First wahine Chair of Te Ohu Kaimoana (Māori Fisheries Trust)

24 July 2019

Rangimarie Hunia (Ngāti Whātua) has been appointed as Chair of Te Ohu Kaimoana (Māori Fisheries Trust) – the first wahine in the role.

“I’m committed to advancing Māori interests in the marine environment, ensuring that the commitments of the Māori Fisheries Settlement are upheld. Te Ohu Kaimoana has a unique position, working for Iwi in fisheries management and marine environment conservation,” she says.

Rangimarie is no stranger to leadership or the Māori Fisheries Settlement. A director on Te Ohu Kaimoana’s Board of Directors since 2015, an active member of the Iwi Working Group for the review of Māori Fisheries Settlement entities; she is also the Chief Executive of Ngāti Whātua Ōrakei’s Whai Maia, mother of four and wife to Tiaki Hunia, Māori Strategy Manager at Fonterra.

“This is an important time in fisheries for Iwi,” she says. “Progressing the amendments to the Māori Fisheries Act is a priority for Iwi, and the proposed Kermadec Ocean Sanctuary and proposed Threat Management Plan highlight the necessity for the protection of Māori fishing rights. We have to work closely with the Crown to ensure that Iwi are consulted during the early stages of marine conservation planning.”
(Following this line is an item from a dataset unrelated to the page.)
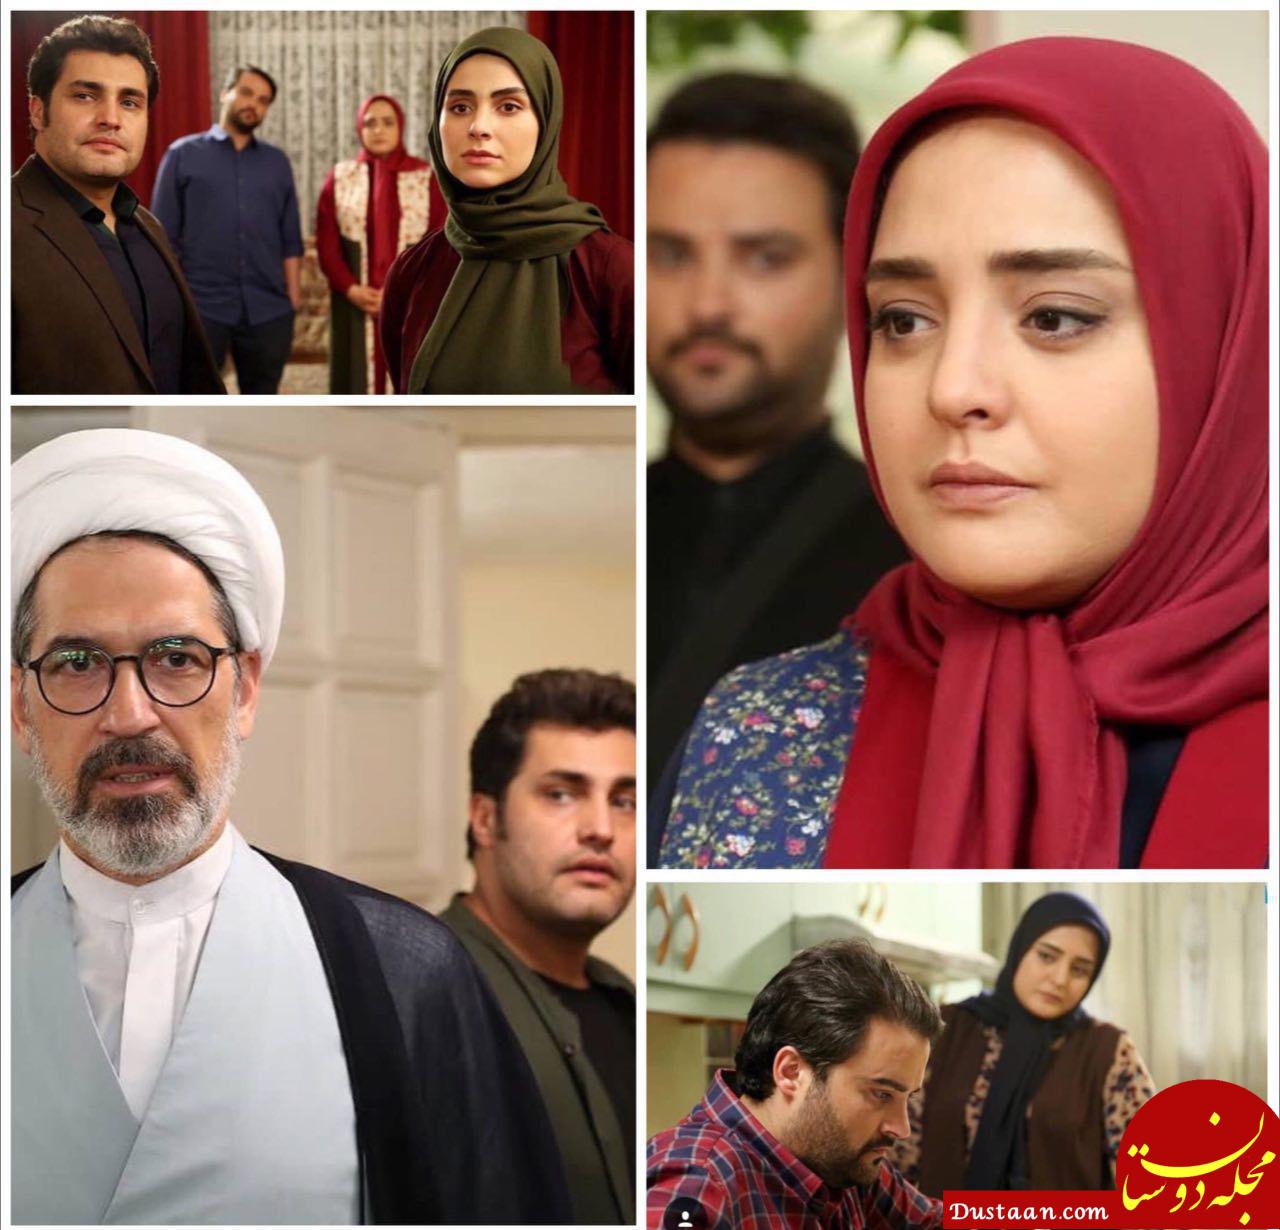 www.dustaan.com-خلاصه داستان و بازیگران سریال ستایش ۳ +ساعت پخش و تصاویر

Te Ohu Kaimoana Chief Executive, Dion Tuuta, welcomes the appointment. “I’m looking forward to continuing our work with Rangimarie in her new role as Chair. Her leadership and courage, combined with her understanding of the settlement will be important in ensuring that the Treaty lives in all aspects of fisheries management.”

Rangimarie has a long list of accomplishments, and there’s no end in sight.

About Te Ohu Kaimoana

Te Ohu Kaimoana was established through the Māori Fisheries Act 2004 and works to advance Māori interests in the marine environment, including customary fisheries, commercial fisheries and aquaculture as well as providing policy and fisheries management advice to iwi and the wider Māori community.